The 83x Speedup! The 1024x1024 MatMul time dropped from ~720ms (our Go-parallel best) to ~164 milliseconds!

  • Initial (Naive): ~15,000 ms
  • After Go Parallelism & Transpose: ~720 ms (~20x faster than naive)
  • After BLAS Integration: ~130 ms (~4.4x faster than Go-parallel, and ~115x faster than the initial estimate!)

Fine-tuning BLAS: Threading

BLAS libraries like OpenBLAS have their own internal threading.
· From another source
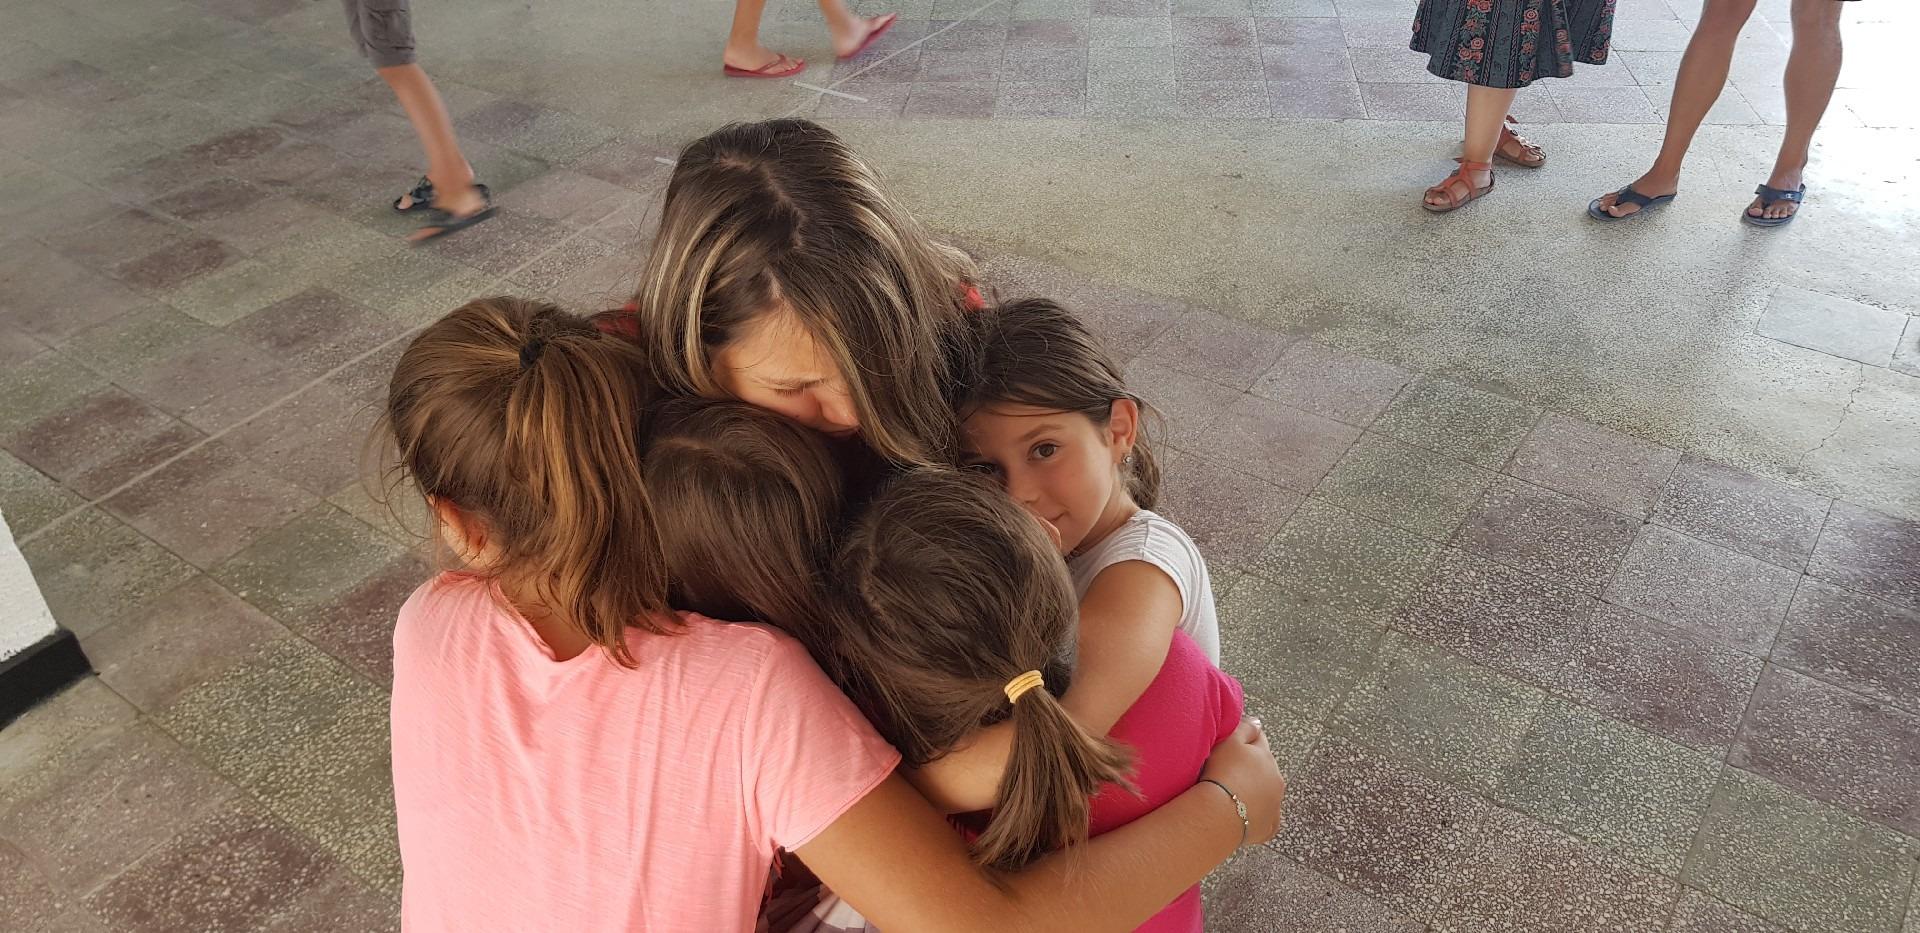 summer language camp in Bulgaria Z camp, Day 35 - group hug of girls

I did some experimentation by setting the OPENBLAS_NUM_THREADS environment variable:

  • OPENBLAS_NUM_THREADS=1: 210 ms
  • OPENBLAS_NUM_THREADS=4: 130.50 ms (Optimal for the test machine, likely matching physical cores)
  • OPENBLAS_NUM_THREADS=8: 172 ms (Slightly slower, possibly due to hyperthreading overhead)

Current Benchmarks

After these optimizations, go-torch now scores:

OperationTime (1024x1024)
Matrix Multiply (go-torch with BLAS)130.50 ms
Matrix Multiply (Previous Go-Parallel)~720 ms
Matrix Multiply (Initial Naive)~15,000 ms
Benchmark Detail128x128512x5121024x1024
Matrix Multiply510.33 µs13.54 ms130.50 ms
Element-wise Add71.72 µs1.29 ms4.13 ms
Element-wise Mul47.83 µs1.63 ms3.91 ms
ReLU Activation121.18 µs1.75 ms6.45 ms
Linear Layer Forward (B32,I128,O10)71.93 µs
CrossEntropyLoss (B32,C10)11.16 µs
Full Fwd-Bwd (Net:128-256-10, B32)4.02 ms

Next Steps and The Quest for More Speed

Even though 130ms is great, still we have memory overhead while computing heavy matrices, especially because we copy the matrices and compute on their duplicates. I’m now checking out the sync.pool methods and how could i optimize data transfer and memory overhead using pool. Let’s see how far we could optimize.